Особенно тогда, сразу после… когда дыхание ещё сбивалось, а губы жгло так, будто я совершила преступление. Я вышла из той гостевой, стояла на кухне, держась за стеклянный стол, и думала: вот сейчас. Сейчас пойду. Скажу ему всё. Потому что ложь — хуже любого приговора.

Но потом утро наступило слишком быстро, голова была тяжёлая, и я убежала, даже не попрощавшись. Под предлогом: «спешу». Под выдуманными словами: «стало лучше». Под видом, который должен был показывать: ничего не случилось.

А внутри — случилось всё.

Потом был день, другой. Потом неделя. Месяц.

И каждый раз, когда разговор заходил немного в сторону правды… я будто ударялась о стену.

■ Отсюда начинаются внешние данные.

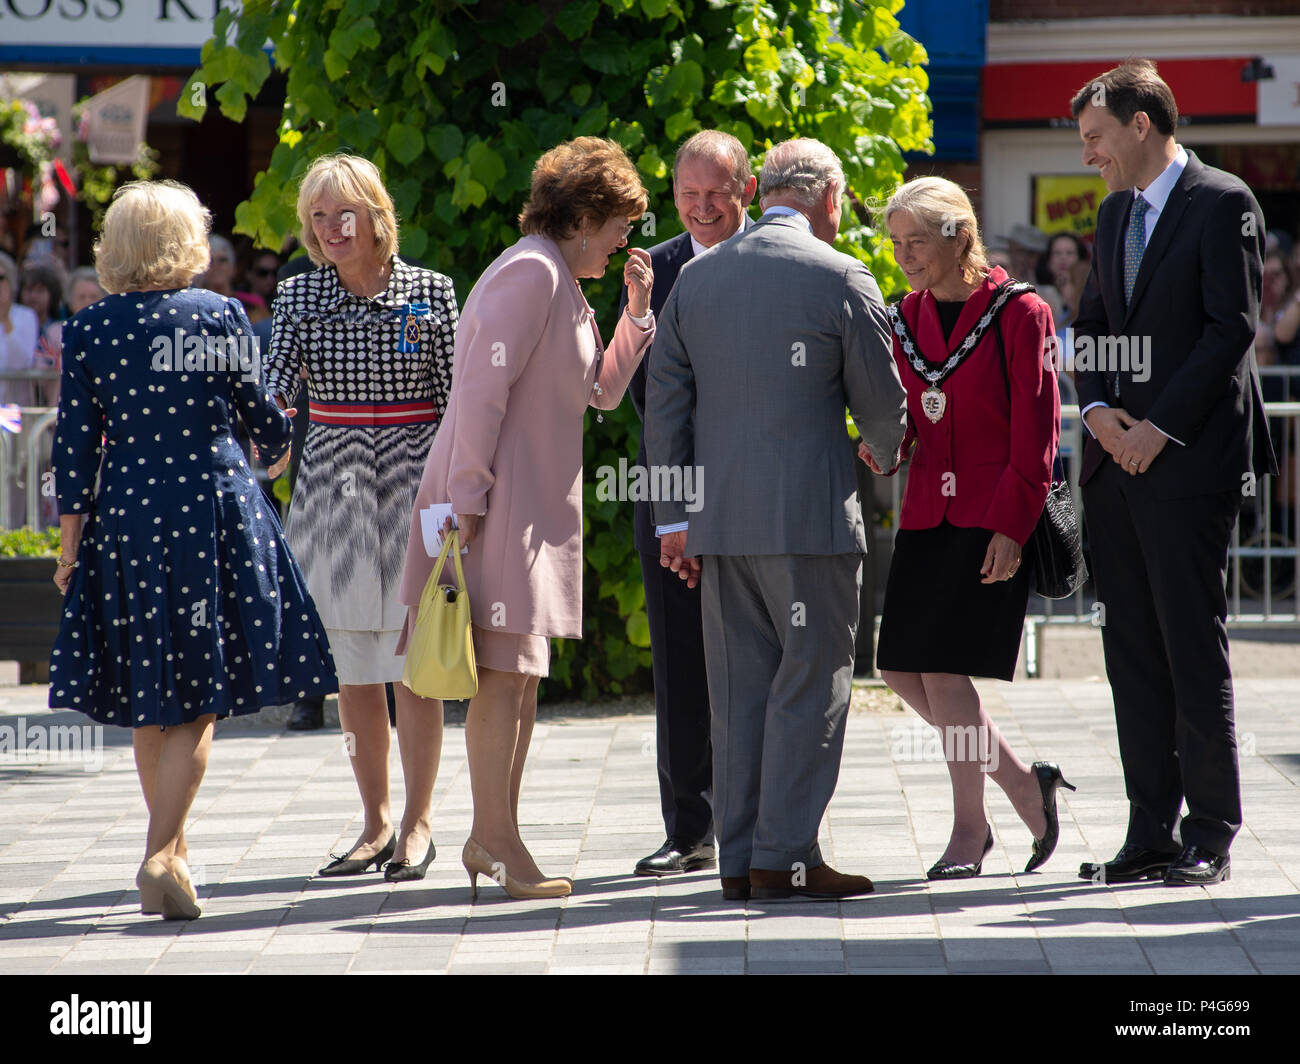 Salisbury, Wiltshire, UK, 22nd June 2018. HRH Prince Charles, the Prince of Wales and Camilla, Duchess of Cornwall meet dignitaries on a visit to Salisbury. The royal couple’s visit is to support the city’s recovery where visitor numbers have fallen and businesses suffered after the nerve agent attack in March 2018. Stock Photo
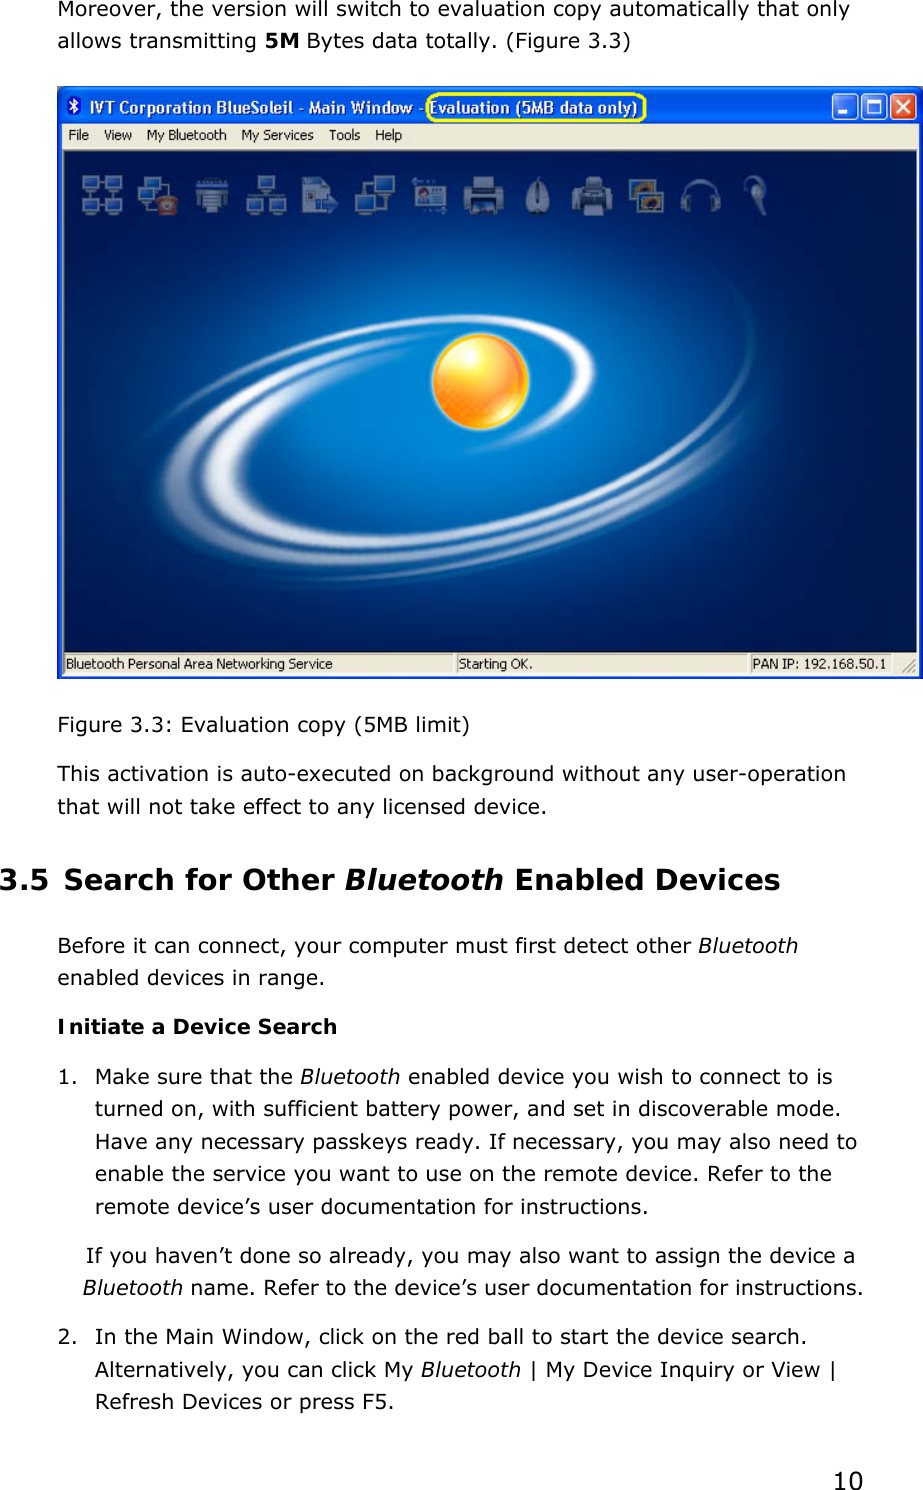  10 Moreover, the version will switch to evaluation copy automatically that only allows transmitting 5M Bytes data totally. (Figure 3.3)  Figure 3.3: Evaluation copy (5MB limit) This activation is auto-executed on background without any user-operation that will not take effect to any licensed device. 3.5 Search for Other Bluetooth Enabled Devices Before it can connect, your computer must first detect other Bluetooth enabled devices in range. Initiate a Device Search 1. Make sure that the Bluetooth enabled device you wish to connect to is turned on, with sufficient battery power, and set in discoverable mode. Have any necessary passkeys ready. If necessary, you may also need to enable the service you want to use on the remote device. Refer to the remote device’s user documentation for instructions. If you haven’t done so already, you may also want to assign the device a Bluetooth name. Refer to the device’s user documentation for instructions. 2. In the Main Window, click on the red ball to start the device search. Alternatively, you can click My Bluetooth | My Device Inquiry or View | Refresh Devices or press F5.

Я смотрела на Кая — его честые глаза, мягкую улыбку, его уверенность, что мир можно удержать руками — и понимала: я разрушу это признание. Разрушу нас. Разрушу его семью. Разрушу себя.

Подходящего момента так и не нашлось.

Он не существовал.

Потому что любое слово «Кай, мне нужно сказать тебе…» отняло бы у него что-то важное. Отняло бы его веру. Его спокойствие. Его чувство защищённости в собственном доме.

Я тянула. Отодвигала. Молчала.

И теперь сама не знаю, что хуже: тот поцелуй — или это вечное молчание.

Иногда я думала: может, признаться поздно вечером, когда он усталый и спокойный. Или утром, когда он ещё не успел надеть на себя броню правильного сына. Или между парами, когда мы вместе сидим на ступеньках и он говорит что-то смешное, и у меня сжимается сердце от того, какой он хороший.

Но каждый раз я останавливалась.

А потом дни превращались в недели.

И вина превращалась в прирученного зверя, который ходил за мной по пятам — бесшумно, но тяжело.

Я села на кровати, опустив ноги на холодный пол. Обхватила себя руками. Сделала вдох. Потом выдох.

Но облегчения не наступило.

Больше всего меня разрушало то, что после той ночи Коул изменился. Не внешне — он всегда был холодным. Не словами — он и раньше говорил со мной резко. Но… в нём появилась другая грань. Та, которую я чувствовала кожей.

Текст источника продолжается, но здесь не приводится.